The ancient Jews knew just as well as modern people that it was impossible for a virgin to become pregnant naturally; this is why Joseph was about to divorce Mary before he was reassured in a dream. That is the point; a young woman becoming pregnant the usual way would not have been an extraordinary sign to the house of David.
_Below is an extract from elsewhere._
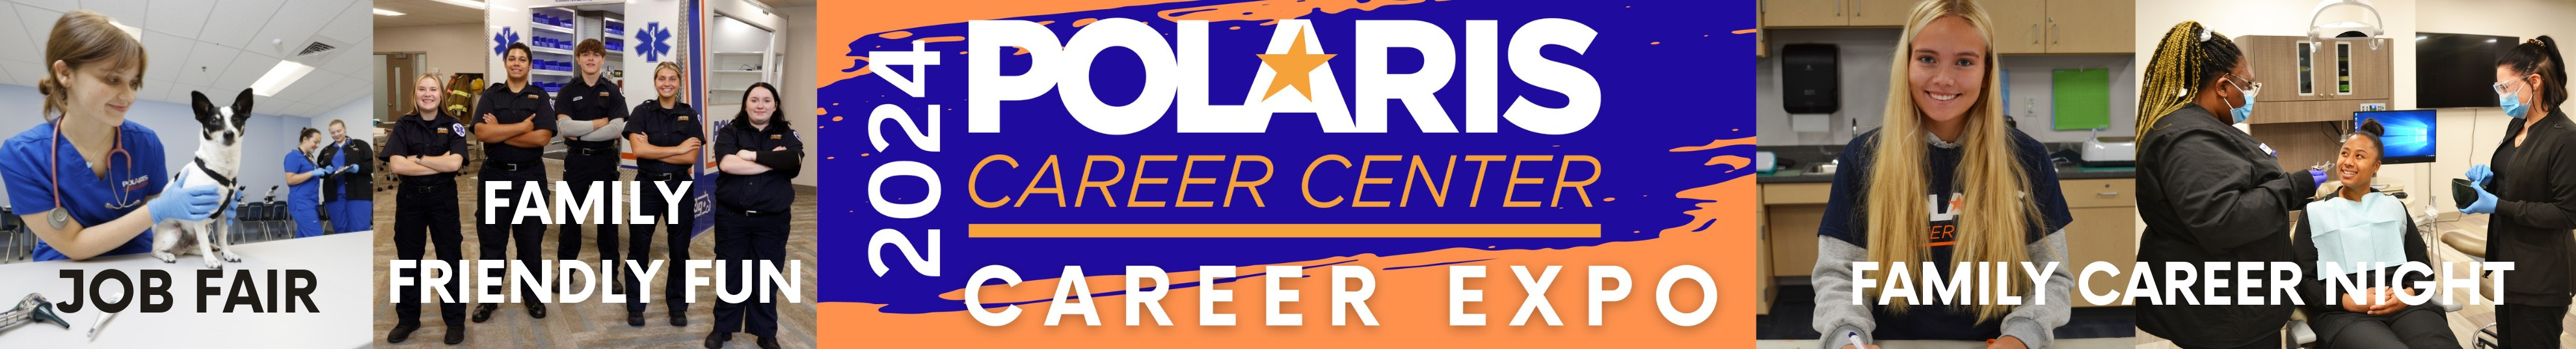 career expo banner

Immanuel’s godly character
Immanuel would be the servant of Yahweh from His earliest existence (Isaiah 49:1, 49:5). He would be holy and set apart for service to Yahweh, who would put His words in Immanuel’s mouth (Isaiah 49:2). He would be extraordinarily wise, and would be filled with God’s Spirit (Isaiah 11:2). Immanuel would “refuse the evil and choose the good” (Isaiah 7:15), which no mere person does consistently. This is an indication that Immanuel would not be a mere man; even the extraordinarily righteous men in the Bible were still sinners.
Immanuel’s status as God
Immanuel’s birth makes it clear that He would not be an ordinary person, and His name means ‘God with us’, meaning that His birth would signify God’s presence with His people in a special way. He is called “Wonderful Counselor, Mighty God, Everlasting Father, and Prince of Peace” (Isaiah 9:6). Someone with these titles could be no less than God Himself.2
Some people wonder how the Incarnate Son could be called ‘Everlasting Father’. Is this a confusion of the Persons of the Trinity? In fact, the title is better translated as ‘Father of Eternity’; meaning that He is the creator of time, or alternately that He is the source of eternal life (both of which are true of God the Son).3
Immanuel’s rejection and shameful death
Though there would be signs to point to the truth of Immanuel’s identity, He would seem to be a normal person; He would not be obviously divine (Isaiah 53:2). And Israel would ultimately reject Him, as Israel had rejected Yahweh for idols in Isaiah’s day, subjecting Him to humiliation and ultimately death. He would be beaten so badly that He would be disfigured (Isaiah 52:14).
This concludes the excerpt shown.